Les résultats de la thèse permettent également de soulever des pistes intéressantes dans le développement d’interventions en remédiation cognitive. En effet, la remédiation cognitive a été démontrée efficace chez des patients schizophrènes et psychotiques, tant dans l’amélioration du fonctionnement cognitif que dans l’amélioration du fonctionnement et de l’intégration sociale (Wykes, Huddy, Cellard, McGurk, & Czobor, 2011). Or, sachant que les atteintes en mémoire de source sont présentes bien avant l’apparition de la pathologie, et qu’elles pourraient être associées à certains symptômes ou même à l’émergence du trouble, il serait intéressant de tenter la mise en place d’un programme de remédiation cognitive spécialement centré sur les processus de mémoire de source, afin d’évaluer l’impact d’une amélioration de ce processus cognitif sur l’évolution de la psychose. Une telle intervention, si efficace, pourrait être mise en place de manière préventive chez les individus à risque clinique ou génétique afin d’observer si l’amélioration de la mémoire de source s’accompagne d’une diminution des taux de conversion vers la psychose, d’une émergence plus tardive de celle-ci ou même d’une symptomatologie atténuée.

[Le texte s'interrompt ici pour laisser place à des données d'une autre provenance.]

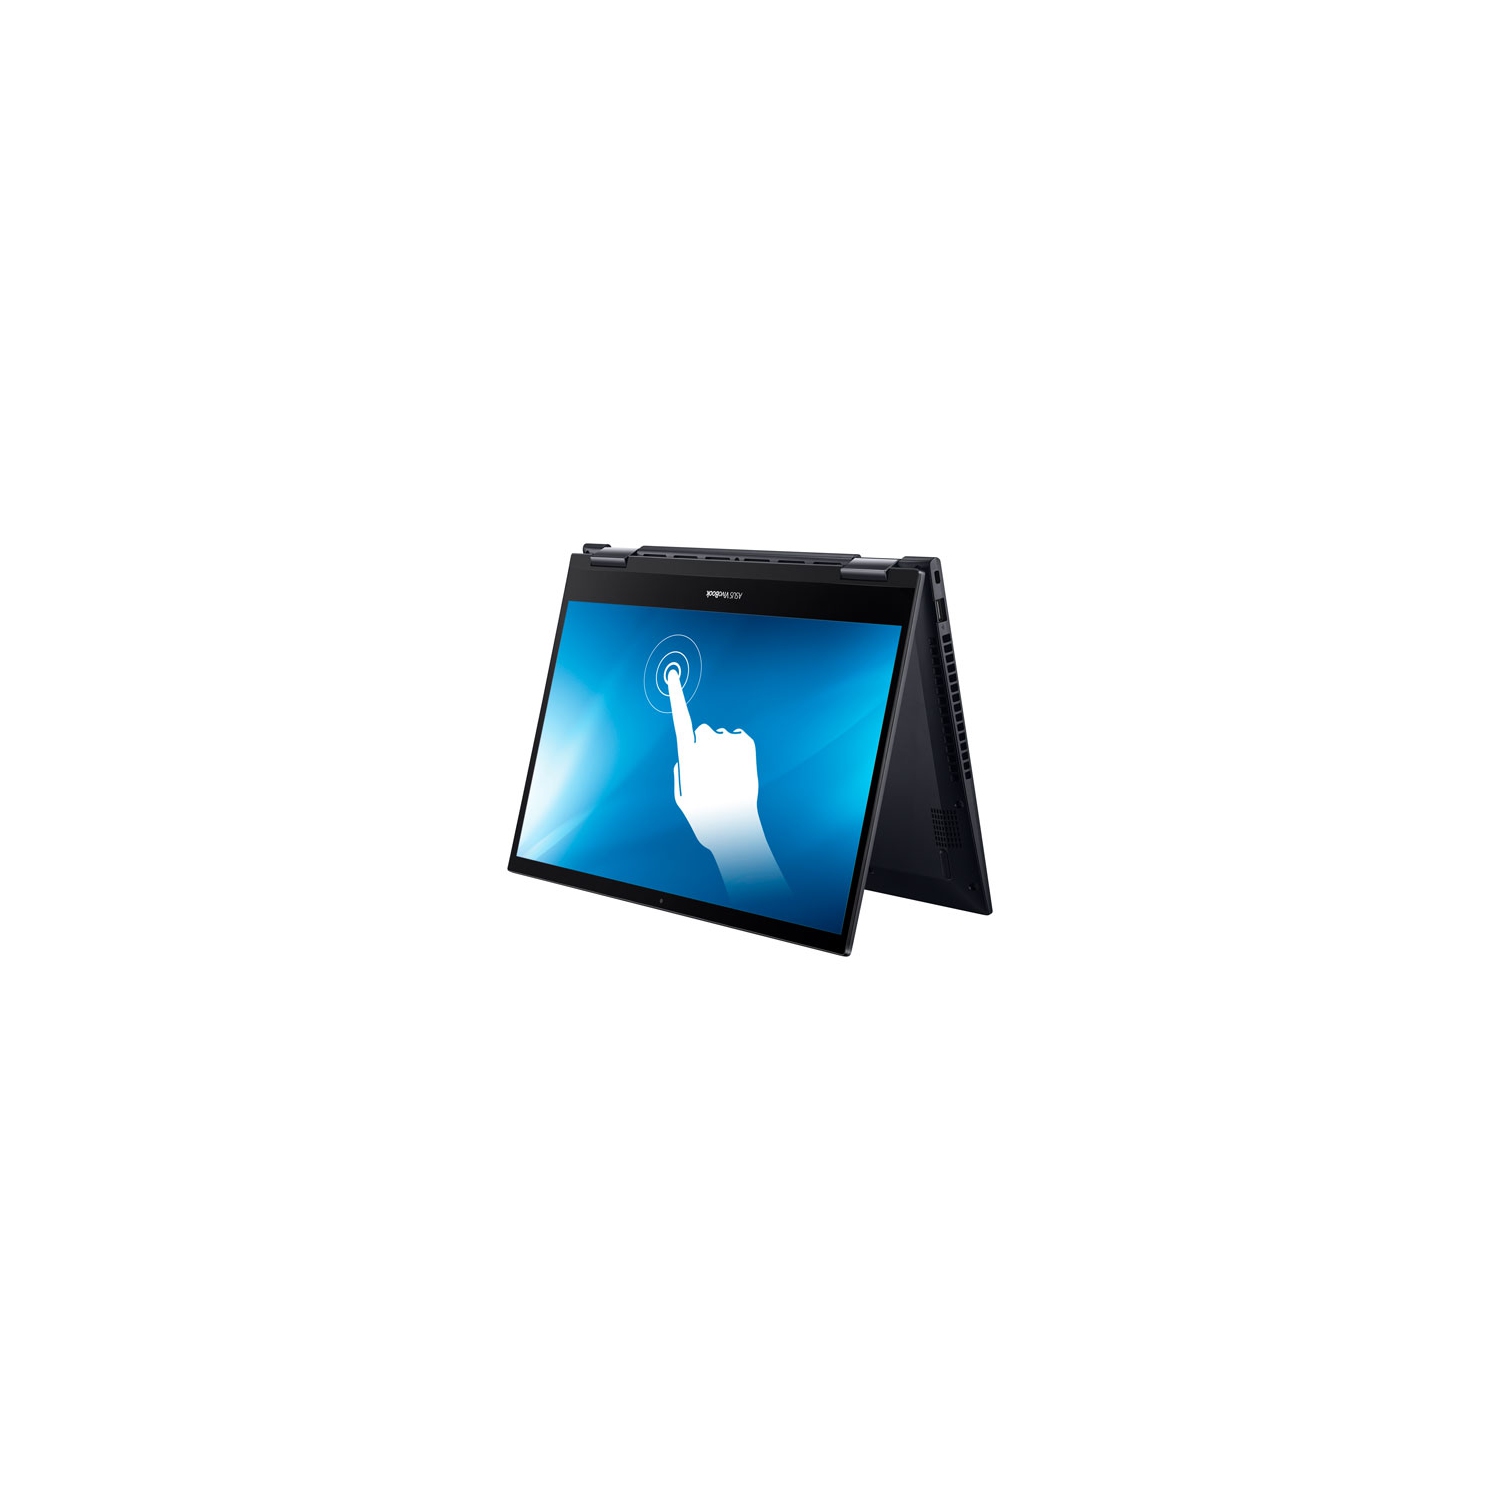 ASUS VivoBook Flip 14" Touchscreen 2-in-1 Laptop (AMD Ryzen 5 5500U/512GB SSD/12GB RAM/Windows 10) - Open Box

Les informations obtenues quant au profil en mémoire de source des HRG permettent d’ailleurs de suggérer la priorisation de certains processus dans la mise en place d’un tel programme de remédiation de la mémoire de source. Ainsi, la présente thèse a permis de postuler que les atteintes en mémoire centrale observées chez les HRG, notamment au plan de la mémoire de l’item et de la mémorisation de son origine, reposent sur des distorsions au plan de l’unification du souvenir et de la métacognition. Il a de plus été suggéré que les troubles métacognitifs pouvaient découler de la fragmentation des souvenirs. En ce sens, les processus d’unification du souvenir apparaissent être au cœur de la dynamique cognitive observée et seraient une cible d’intervention pertinente à prioriser, de concert avec un entraînement de la métacognition, sachant que le développement de ce second processus est en partie expérientiel et se développe avec l’usage. La conceptualisation théorique de mémoire de source de Johnson et ses collaborateurs (1993) fournit d’ailleurs des pistes intéressantes à cibler, comme le renforcement des associations lors de l’encodage, ou encore l’entraînement des processus utilisés pour récupérer un souvenir, par exemple via la mise en place volontaire d’un jugement systématique plutôt qu’automatisé.

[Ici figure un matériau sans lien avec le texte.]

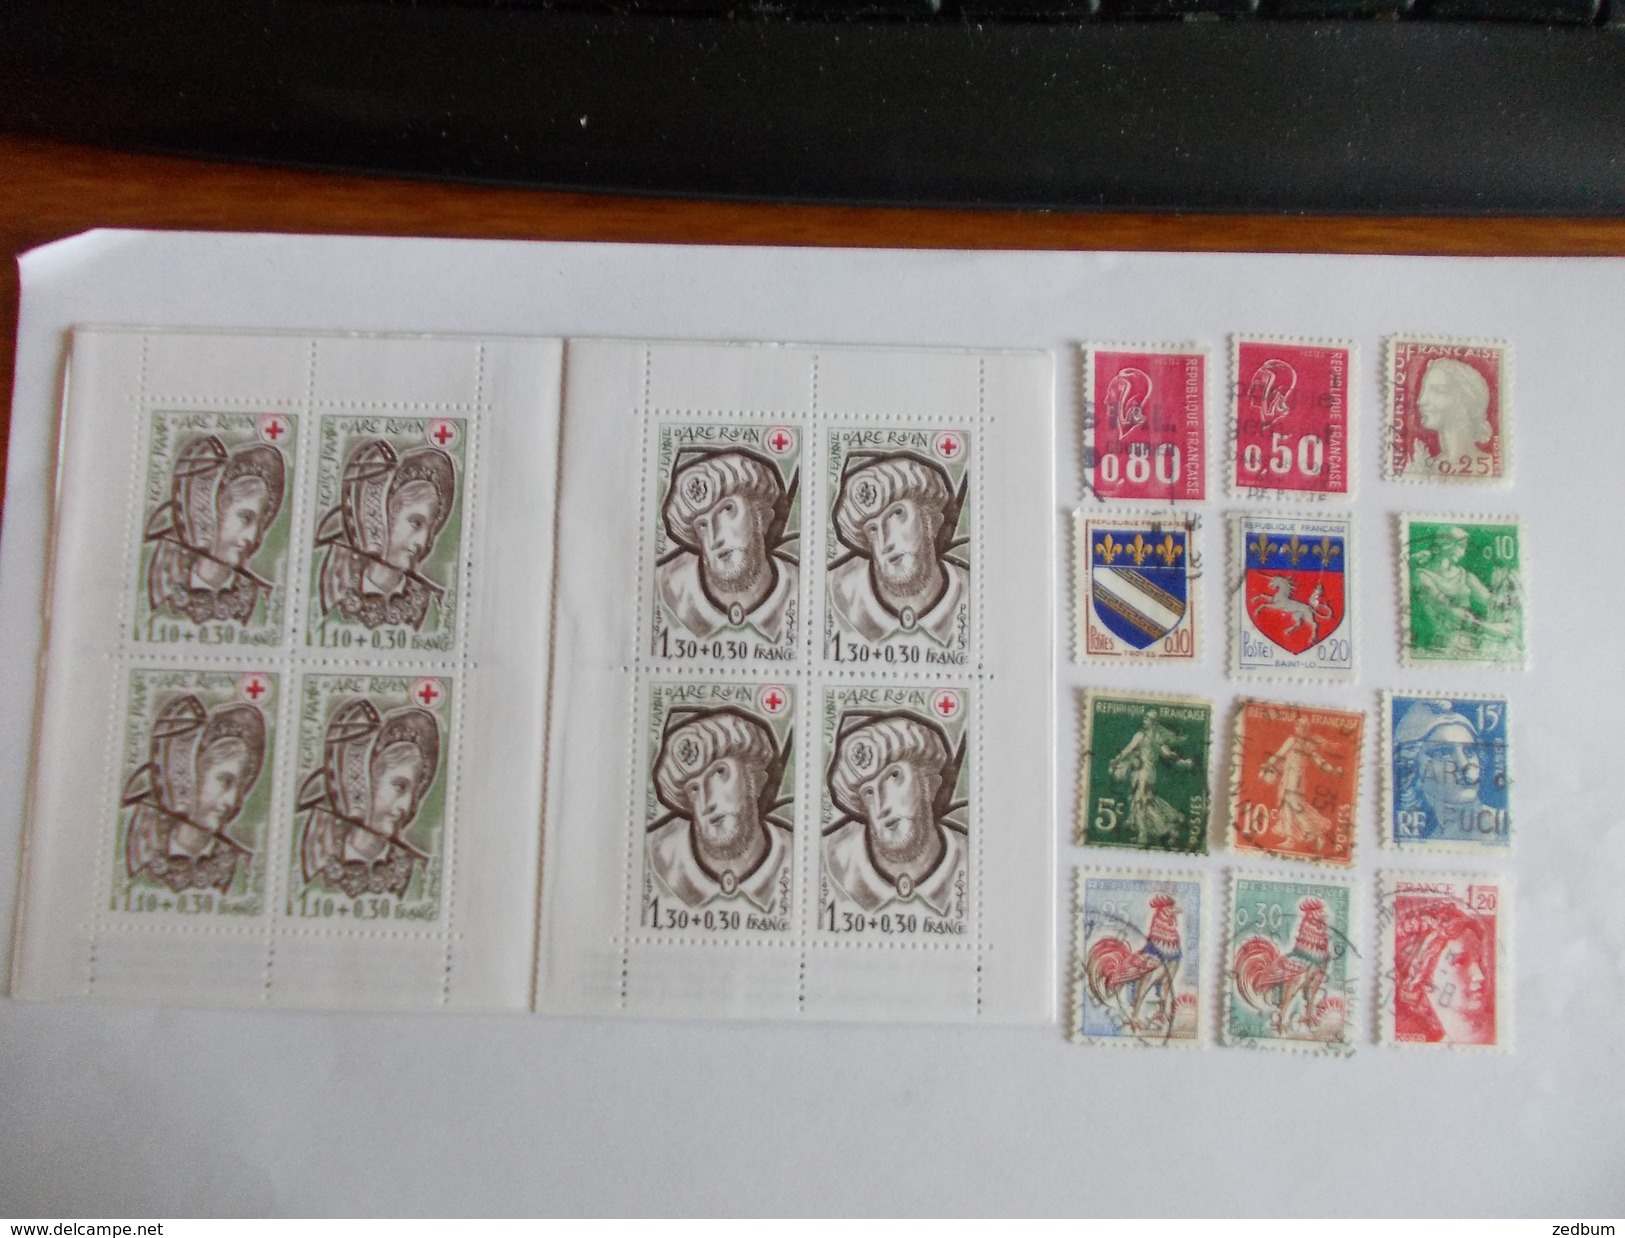 TIMBRE France Lot De à Timbres à Identifier Croix Rouge 1979 N° 640 - Lots & Kiloware (mixtures) - Max. 999 Stamps

137 Ces pistes pourront servir à la réflexion entourant le développement éventuel d’un programme de remédiation de la mémoire de source. Si efficace, on pourrait s’attendre à ce qu’une amélioration des processus de mémoire de source s’accompagne d’une diminution de la symptomatologie, que ce soit dans une forme franche ou atténuée, puisque des liens ont été documentés tout au long du continuum de la psychose entre ces deux phénomènes. Cette hypothèse semble d’ailleurs appuyée de façon préliminaire par une étude de cas ayant démontré une diminution des symptômes psychotiques chez un patient à la suite d’un programme de remédiation de la mémoire de source (Favrod, Vianin, Pomini, & Mast, 2006).

Notons finalement qu’une meilleure compréhension du développement normal de la mémoire de source permettra de mieux cibler d’une part la nature des interventions à proposer en remédiation cognitive, mais également la fenêtre d’intervention à prioriser en fonction du processus atteint et ciblé. En effet, la présente thèse a permis de démontrer que la métacognition se développait jusqu’au début de l’âge adulte, alors que d’autres processus semblent atteindre leur maturité plus tôt, par exemple vers la fin de l’adolescence pour l’unification du souvenir (Doré, et al., 2007) ou peut-être même avant l’âge de 9 ans pour d’autres processus. Une connaissance plus approfondie du développement normal permettra de mieux cibler le type d’intervention à mettre en place, par exemple afin de soutenir le développement d’un processus encore en maturation, ou à l’inverse de mettre en place des mesures compensatoires pour un processus dont le développement est arrivé à maturité.

4.3 Considérations pour les équipes en psychiatrie

Les résultats de la thèse soulignent par ailleurs l’importance d’une évaluation exhaustive de la mémoire chez les individus à risque de psychose ou encore chez ceux qui consultent en psychiatrie, puisqu’une atteinte des processus mnésiques accompagne comme démontré la vulnérabilité à développer un trouble psychotique. Or, une atteinte mnésique peut influencer plusieurs aspects de la prise en charge clinique, que ce soit au niveau de la démarche diagnostique ou de l’intervention.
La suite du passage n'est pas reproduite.